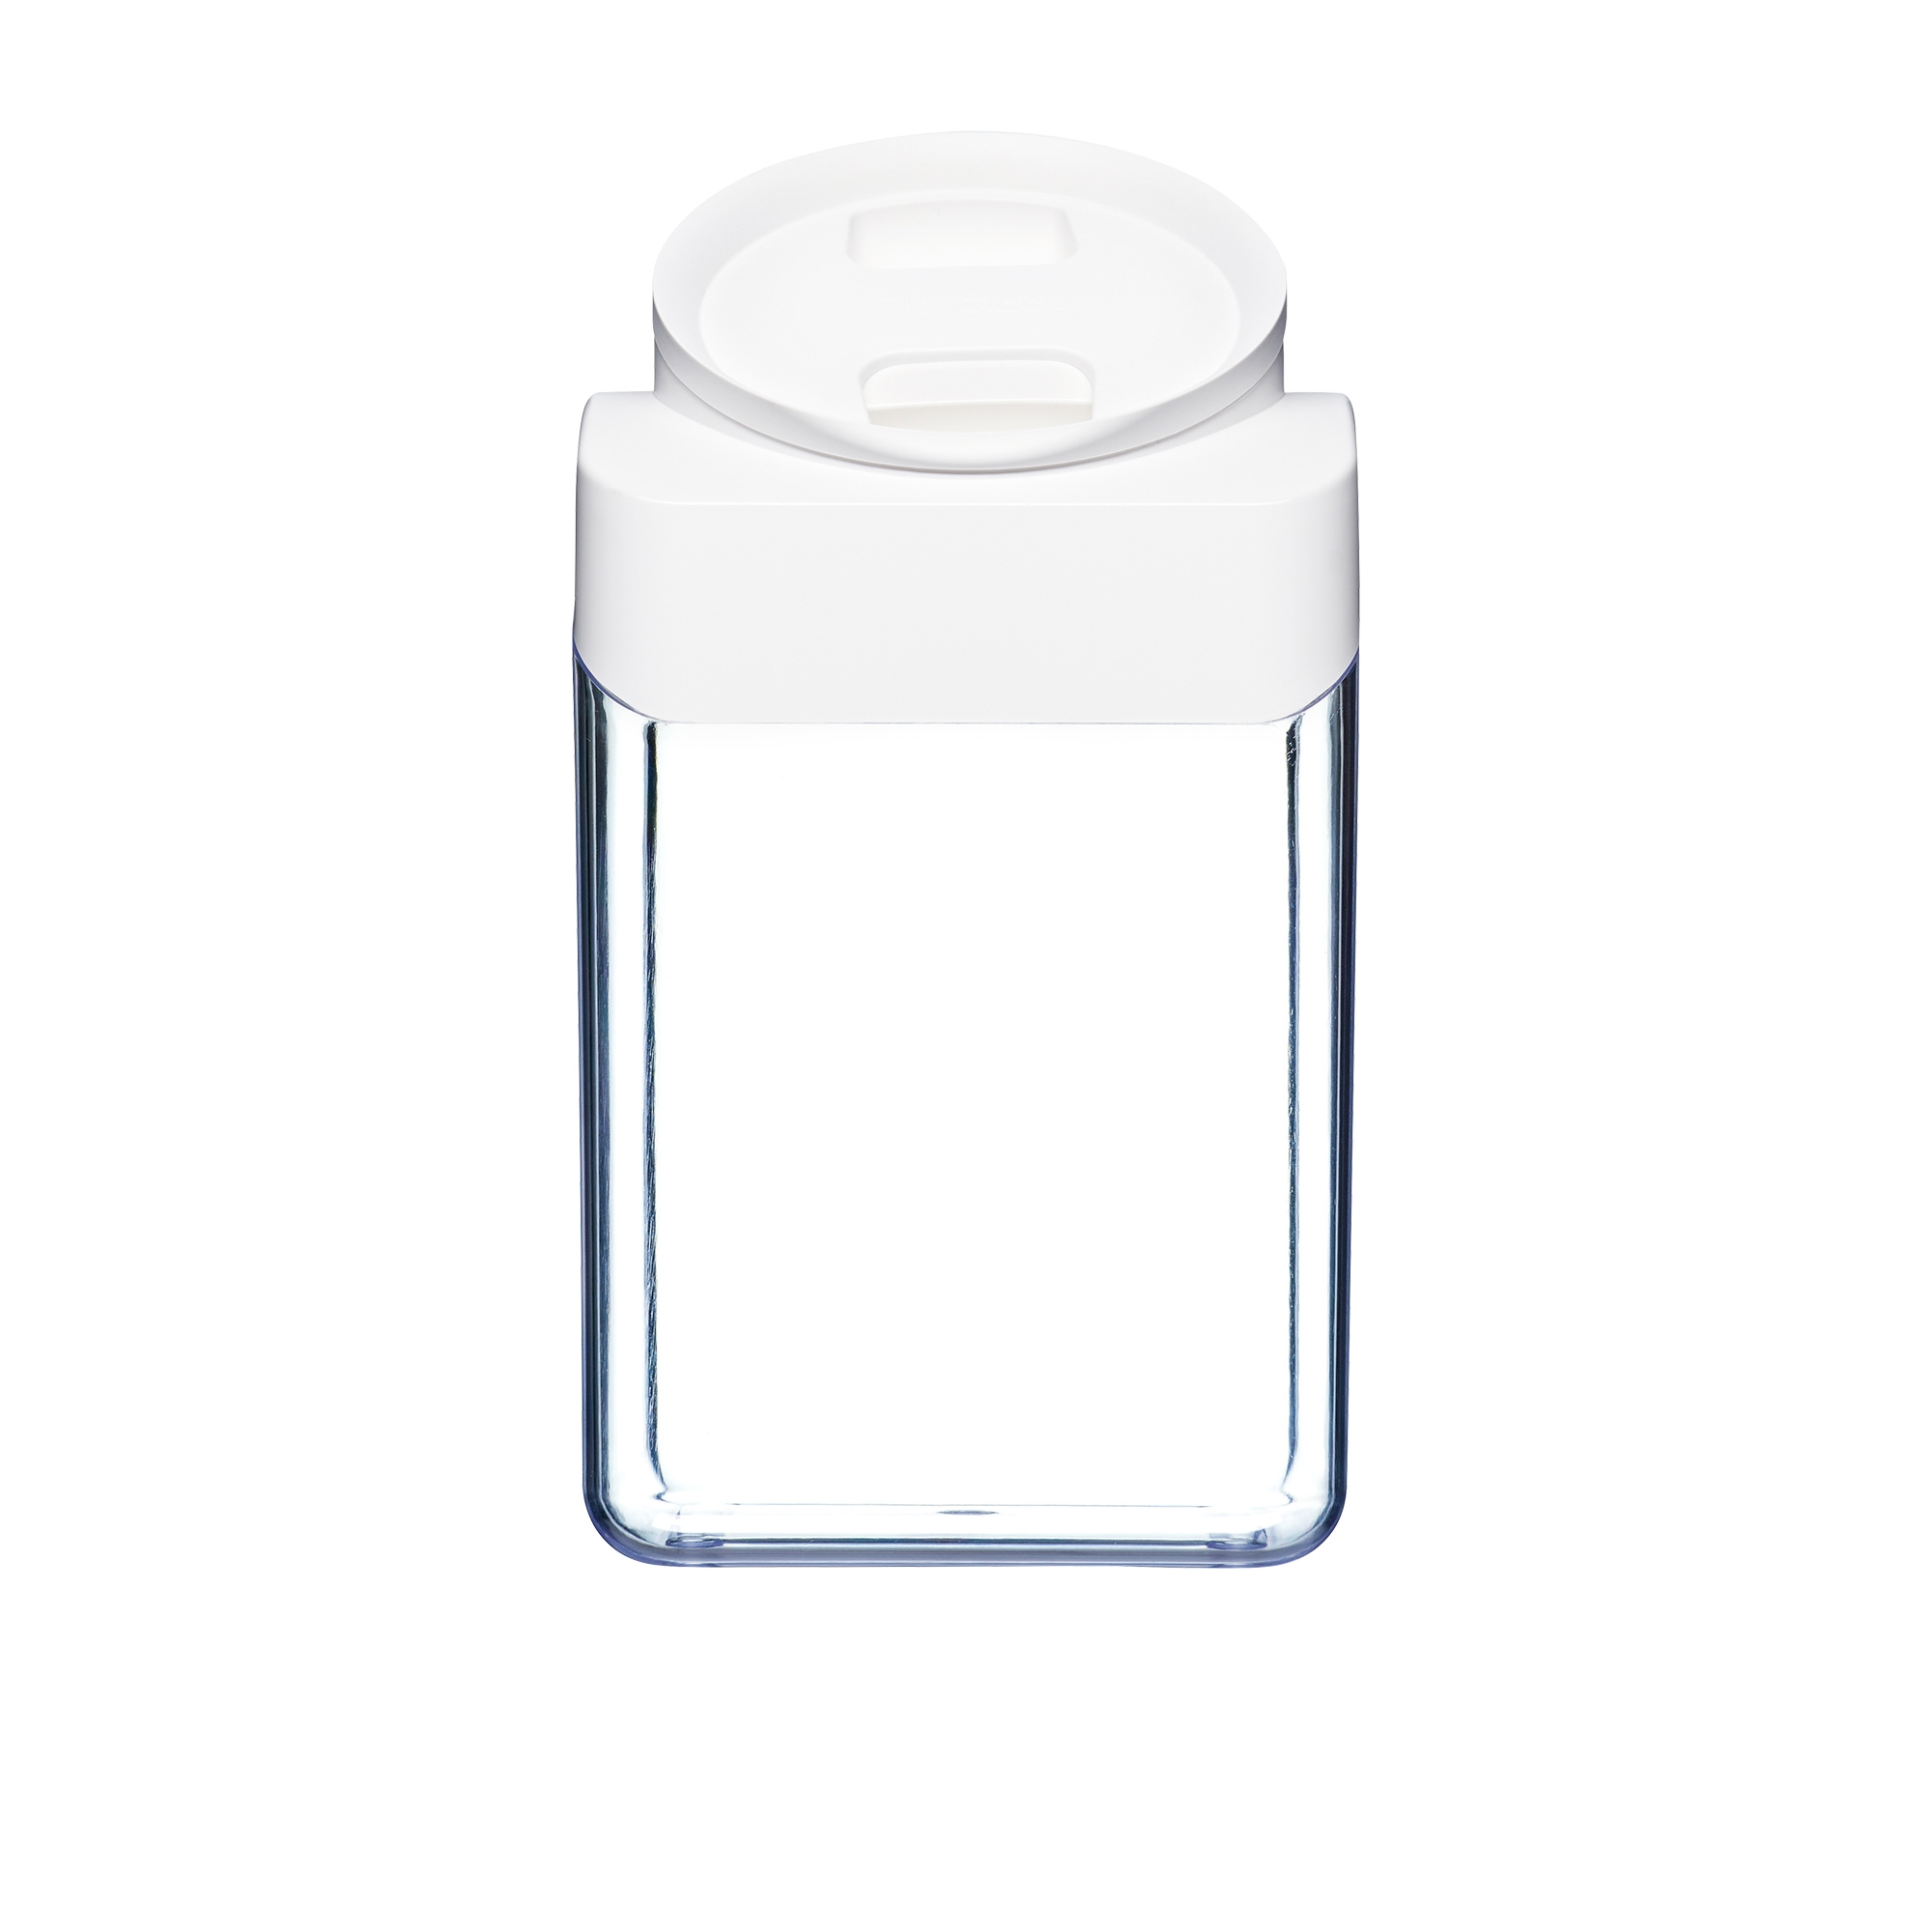 ClickClack Pantry Store All Container 4.2L White Image 1
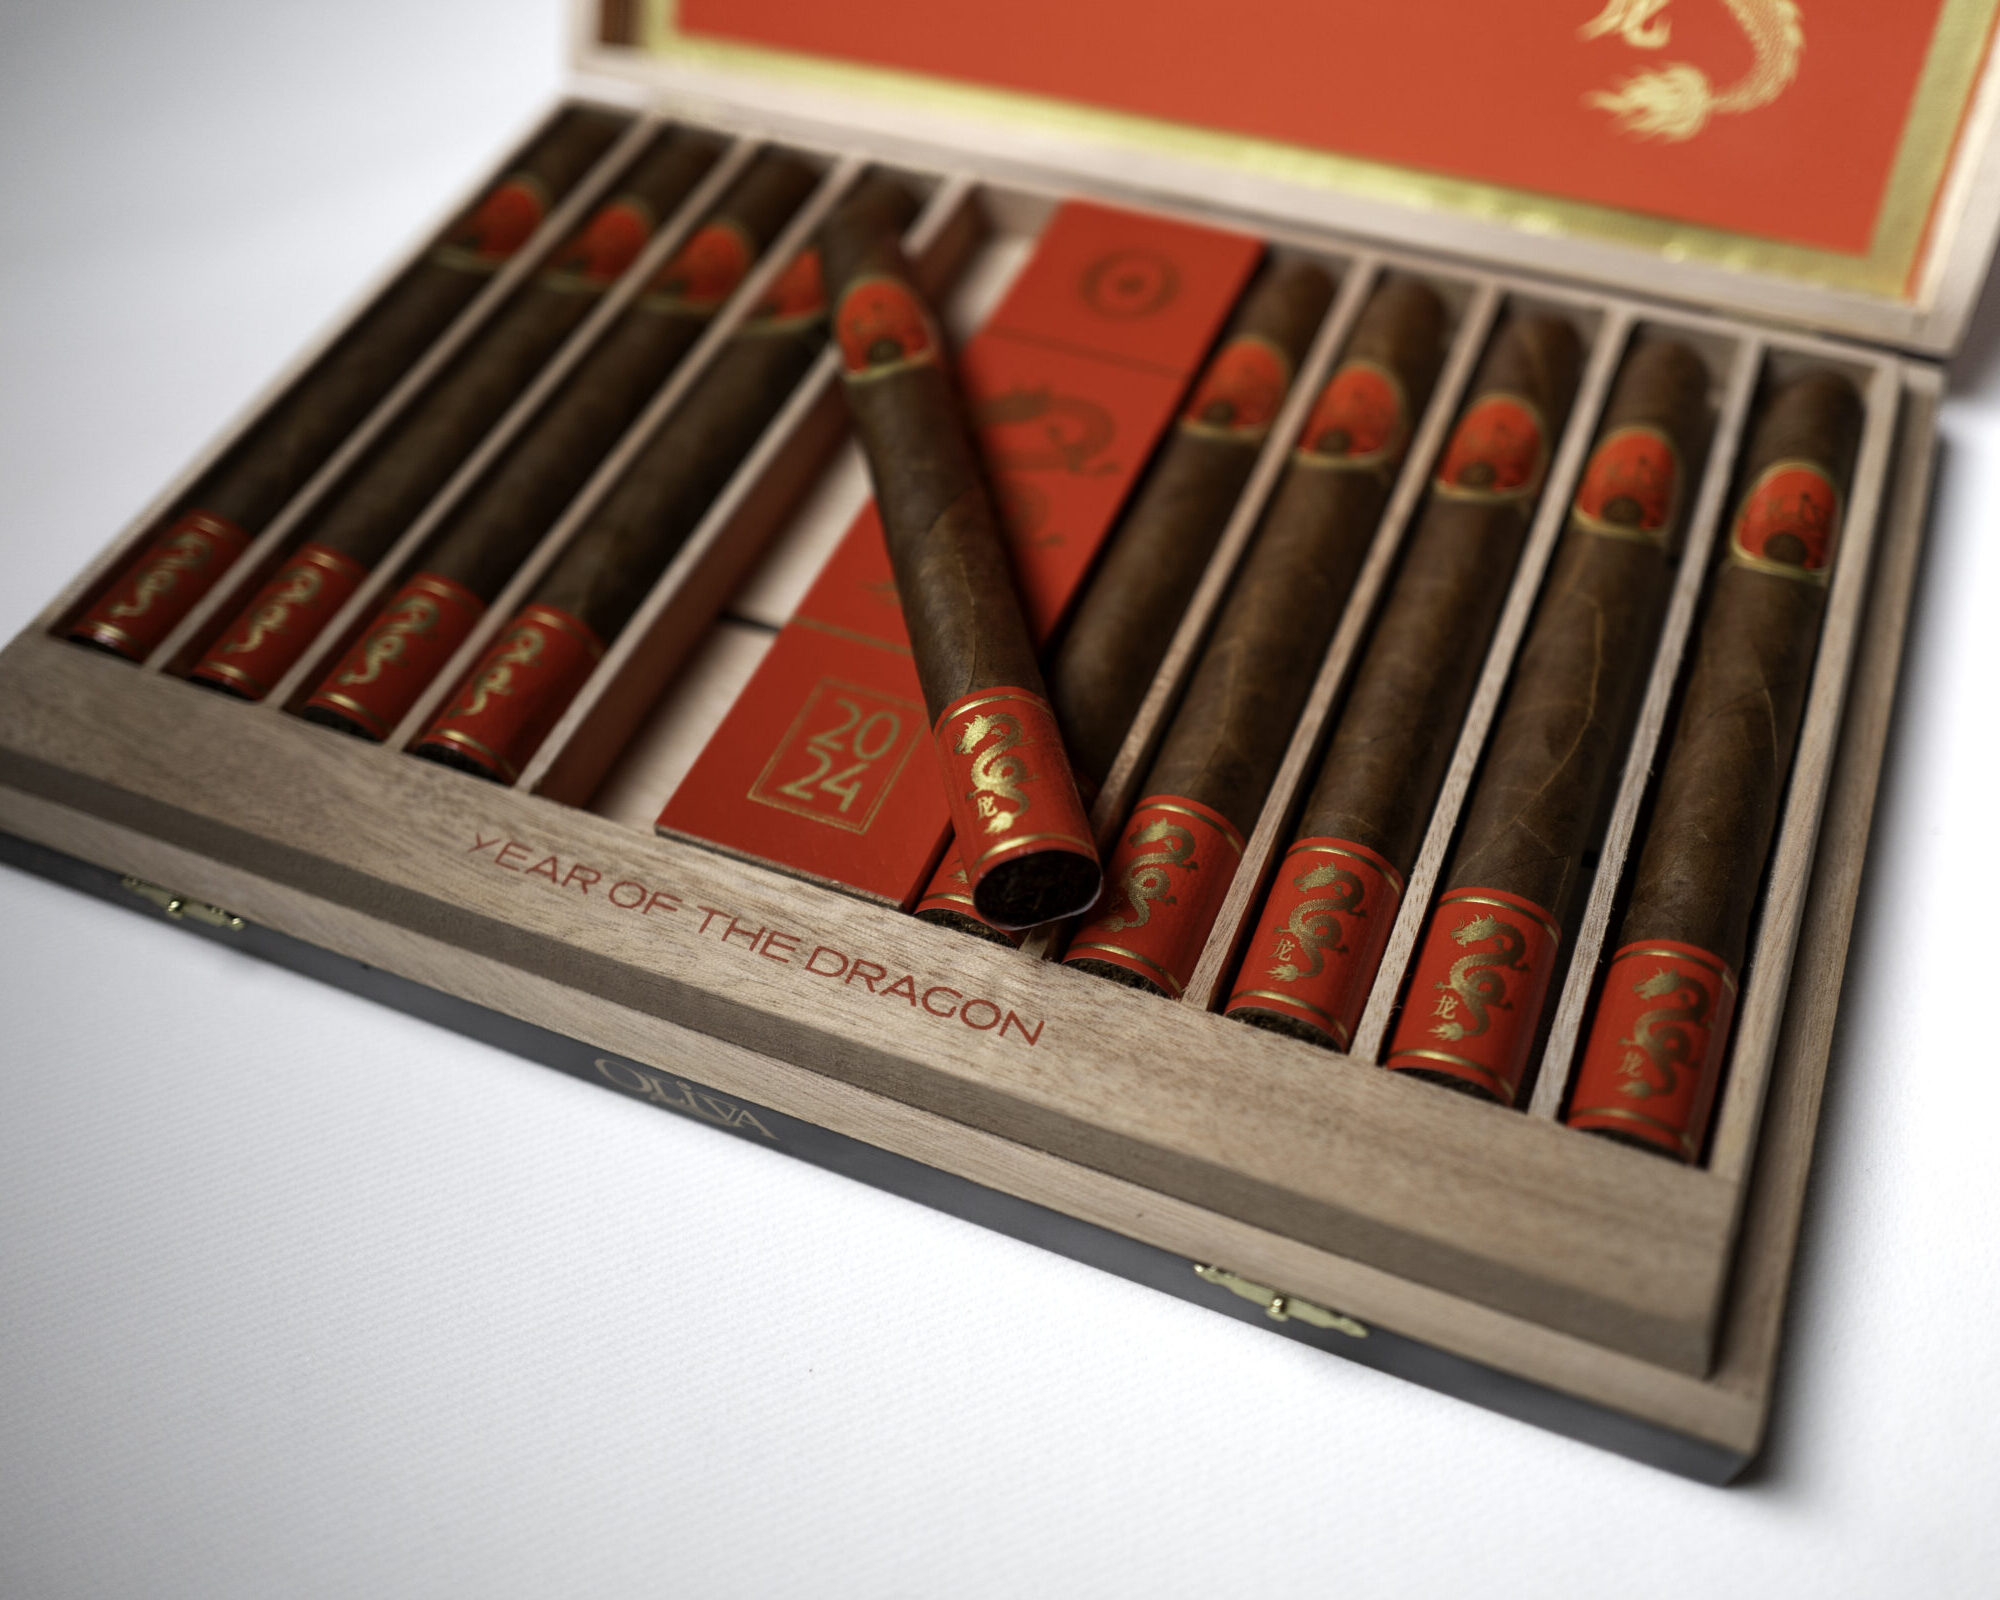 Oliva Launches Year of the Dragon Churchill Cigar Exclusive to China Duty Free
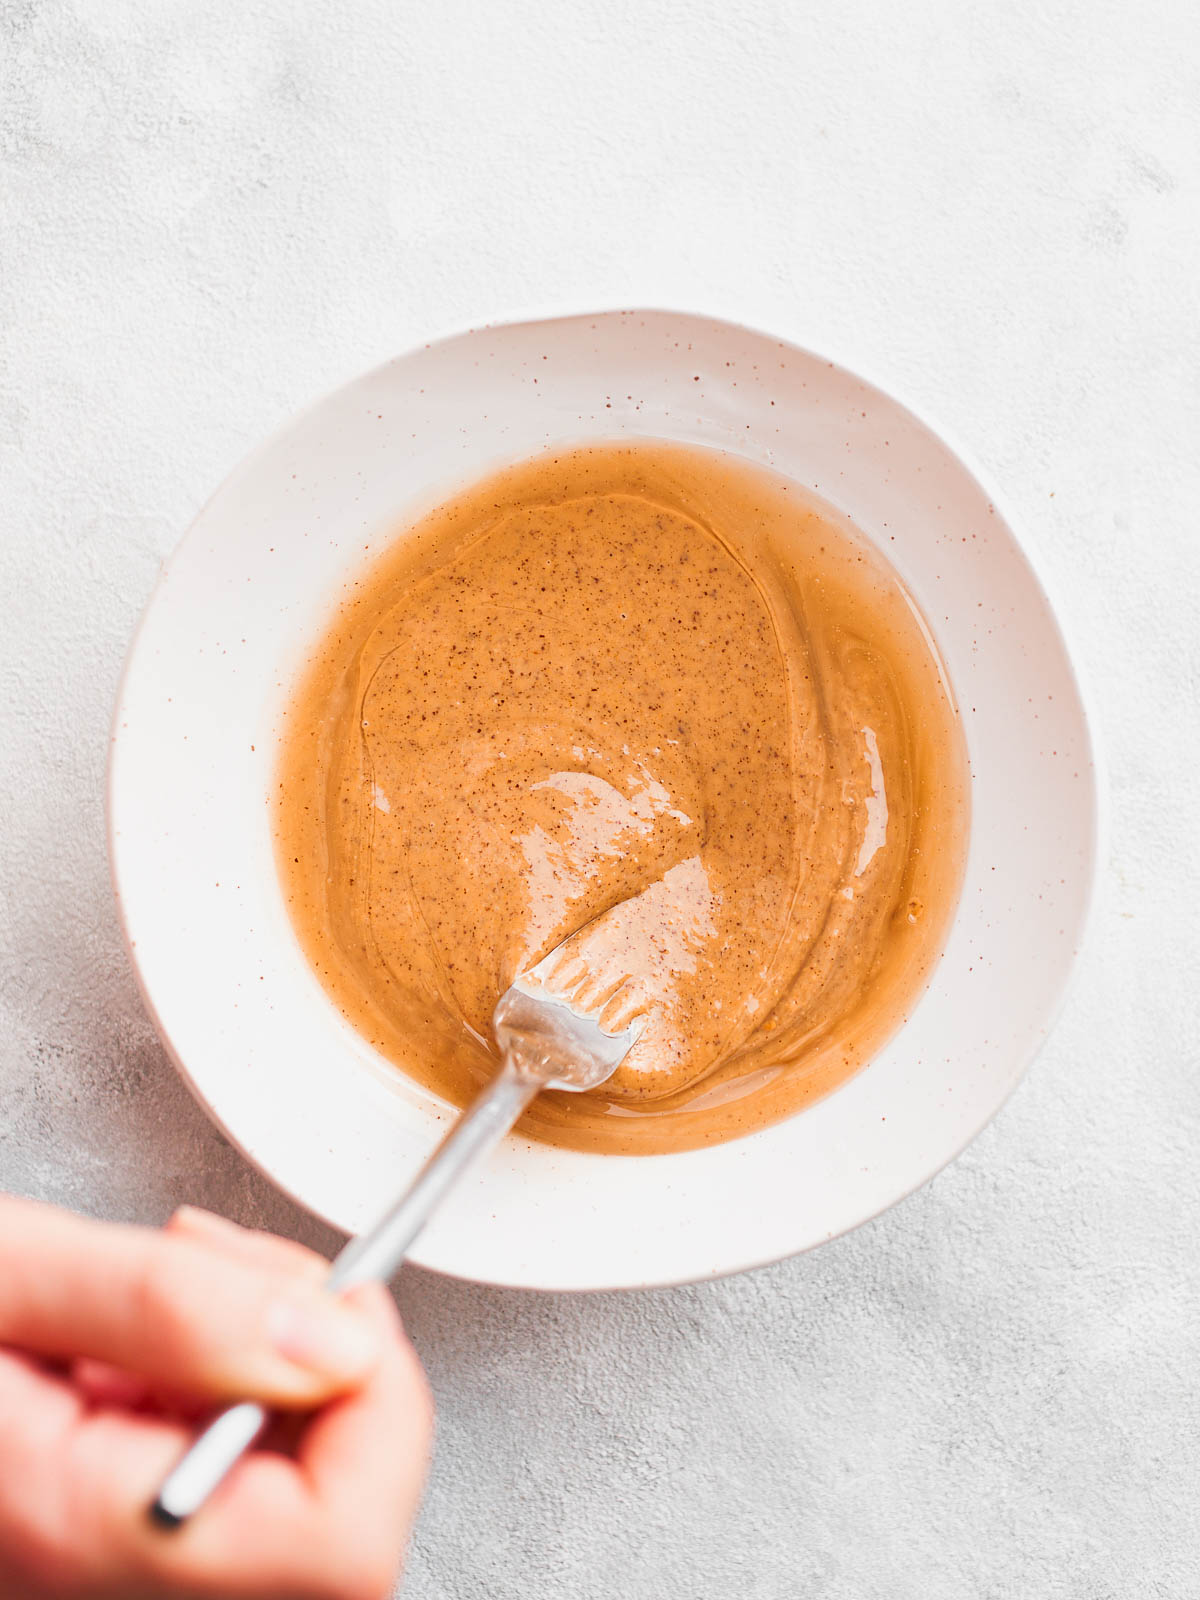 Whisking the peanut butter with the coconut oil

*What you are asked to do*:
Exclude all images and return the listing word for word.

*Result*:
 ClickClack Pantry Store All Container 4.2L White Image 1
 Oliva Launches Year of the Dragon Churchill Cigar Exclusive to China Duty Free
 Whisking the peanut butter with the coconut oil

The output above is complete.